I like betting on quotes and Tuck said if he got on the team plane he was playing. When he boarded the sky bus destined for the Desert I assumed he would keep his word.
Flipped when I found out he wasn’t playing. Tuck is a game-changer and I’m convinced New York would’ve won by double digits if he’s on the field. Twice I’ve backed the G-Men and twice he hasn’t played.
And I’m happy we won’t be hearing about Tom Coughlin crucifying Victor Cruz. Sorry for the bad beat Cardinals backers but he did give himself up.
Can you believe Colt McCoy sent 61 balls through the air Sunday? The West Coast Offense is designed to chuck it around but Pat Shurmur didn’t draw it up like that.
The doo-doo Browns were a trendy preseason pick but we can’t forget this team has an unproven quarterback and is adjusting to new systems on both sides of the ball.
The WCO is all about short, horizontal passing but the Browns are taking it to a new level. They simply don’t have the quarterback or playmakers to take necessary occasional downfield shots, or comeback from big deficits.

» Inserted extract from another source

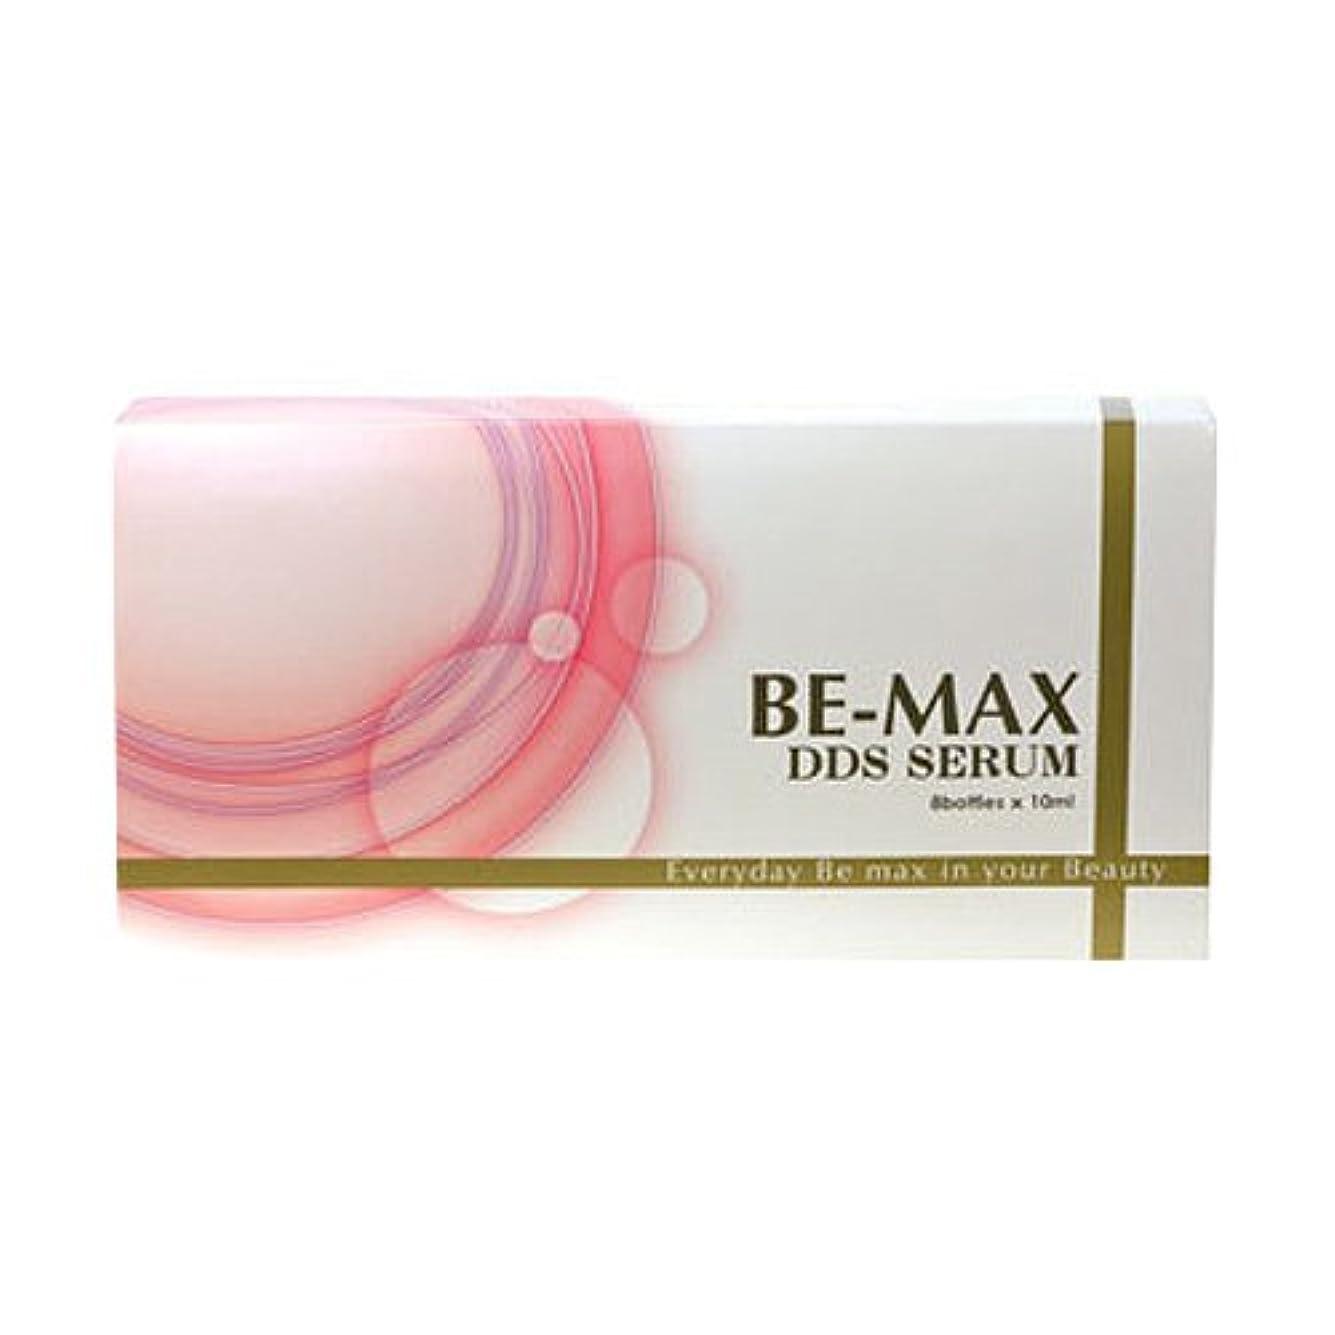 踏み台最大限他にビーマックス DDSセラム (10ml×8本) 美容液 BE-MAX DDS SERUM

Big Ben probably feels a lot like Mike Vick. And it looks like he’ll be on the weekly injury report, just like Vick.
As soon as Willie Colon-oscopy went down this team was in trouble. Rookie Marcus Gilbert is not a viable replacement. And when Doug Legursky and Jonathan Scott don’t play, you’re going to see Roethlisberger with a walking boot and crutches.
This offensive line is useless. It can’t protect or run block. Fourteen sacks surrendered and no back has even sniffed the century mark.
Warren Sapp has talked about how the Steel Curtain defense has fallen. Too old, too slow, too vulnerable, done. That fat flab may actually know what he’s talking about.
Pitt will have nine defensive starters over 30 by season’s end. Excluding the Seattle game, the Steelers have been gashed on the ground. Would you believe 150 yards per? Troy Polamalu and crew have certainly lost a step. They only have one takeaway all year.
After the nail-biter in Indy, Mike Tomlin said good teams don’t have that kind of performance. The writing’s on the wall coach.
Bills +3 vs. Eagles - Philly has no right to be a road fave against a 3-1 team. Odds still inflated.
Packers -4 at Falcons - Hotlanta is frozen over. I envision last year’s playoff game Part Deux.